I love chocolate and I love coconut, put them together and I am very happy. This recipe is not only simple and delicious, it is dairy and gluten free, so it’s a crowd pleaser for everyone. Hope you enjoy!
Chewy Chocolate Macaroons
- 4 large egg whites
- 3 cups sweetened shredded coconut
- 2 tablespoons sugar
- 2 teaspoons pure vanilla extract
- Slightly rounded ¼ teaspoon salt
- 2 oz. semisweet chocolate, chopped
- 1½ oz. bittersweet chocolate, chopped
Combine all of the ingredients in a large heatproof mixing bowl, preferably stainless steel. Set the bowl on a medium pot of simmering water, creating a double broiler. Stir mixture with a silicone spatula, scraping the bottom to prevent burning, until the mixture is very hot and very sticky (5-7 minutes). Remove from heat and set aside for 30 minutes.

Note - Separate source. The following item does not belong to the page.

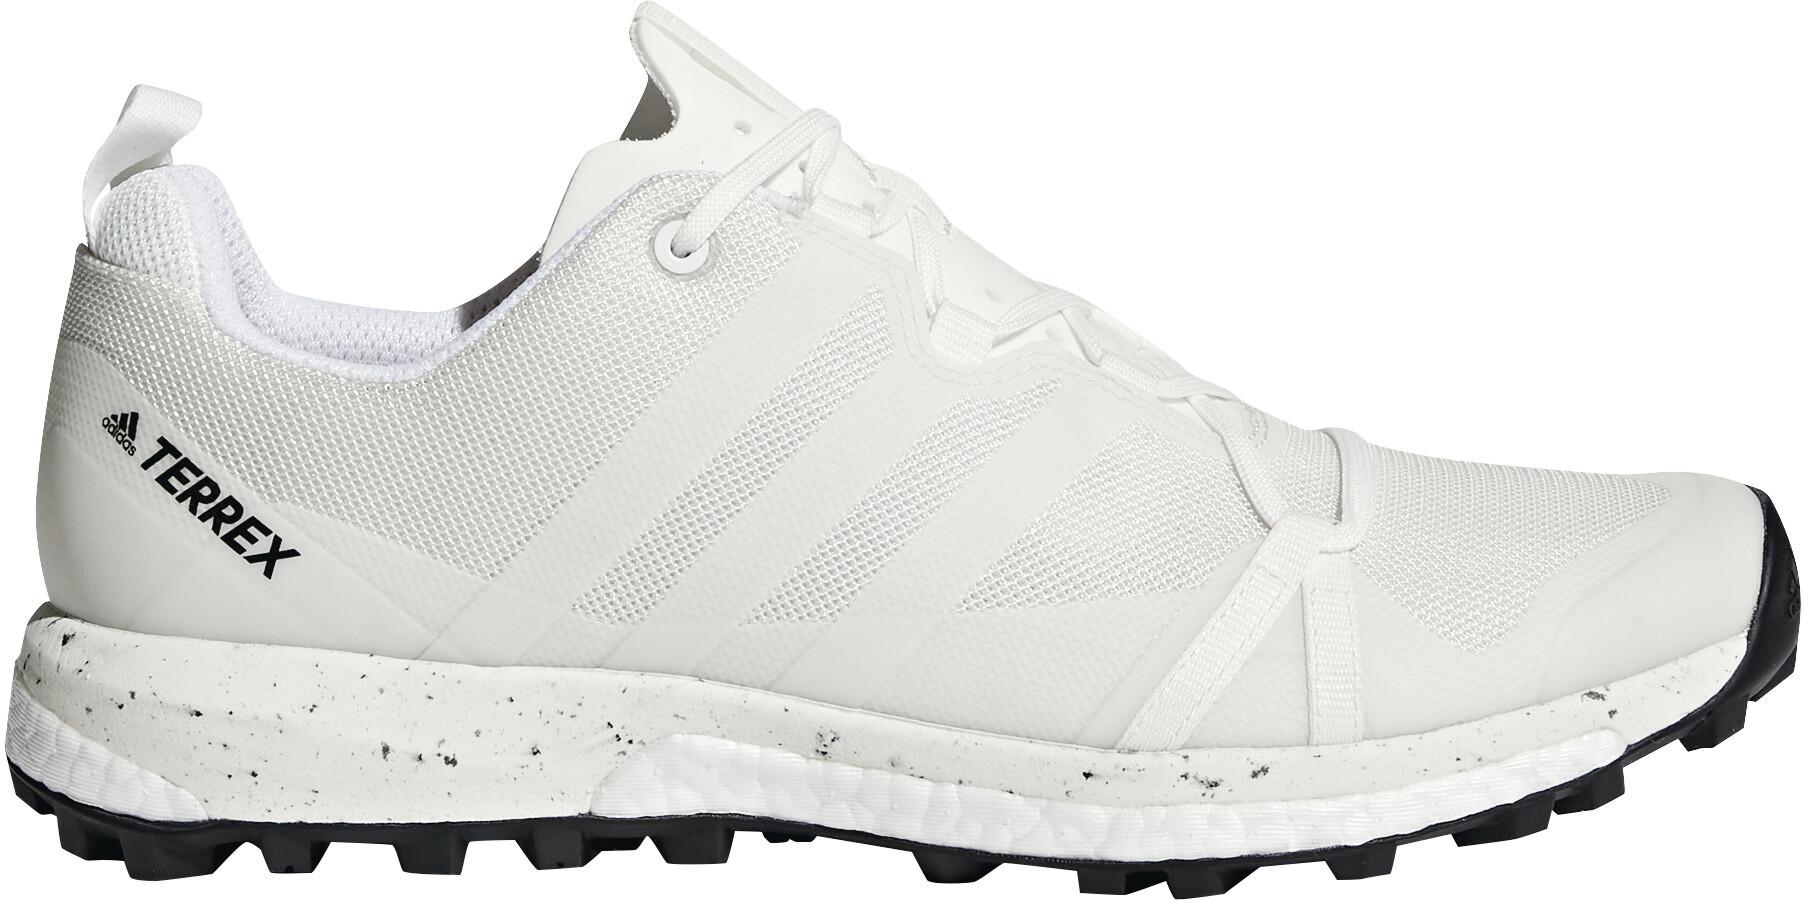 adidas TERREX Agravic Shoes Herre non dyedftwr whitecore black

Preheat oven to 350oF, with the racks at the upper and lower third of the oven, and line two cookie sheets with parchment paper. Spoon rounded tablespoons of batter 2 inches apart on sheets and flatten each with your fingers. Bake for 13-17 minutes, rotating the pans halfway through. Transfer the parchment paper with the cookies on racks to cool, then enjoy!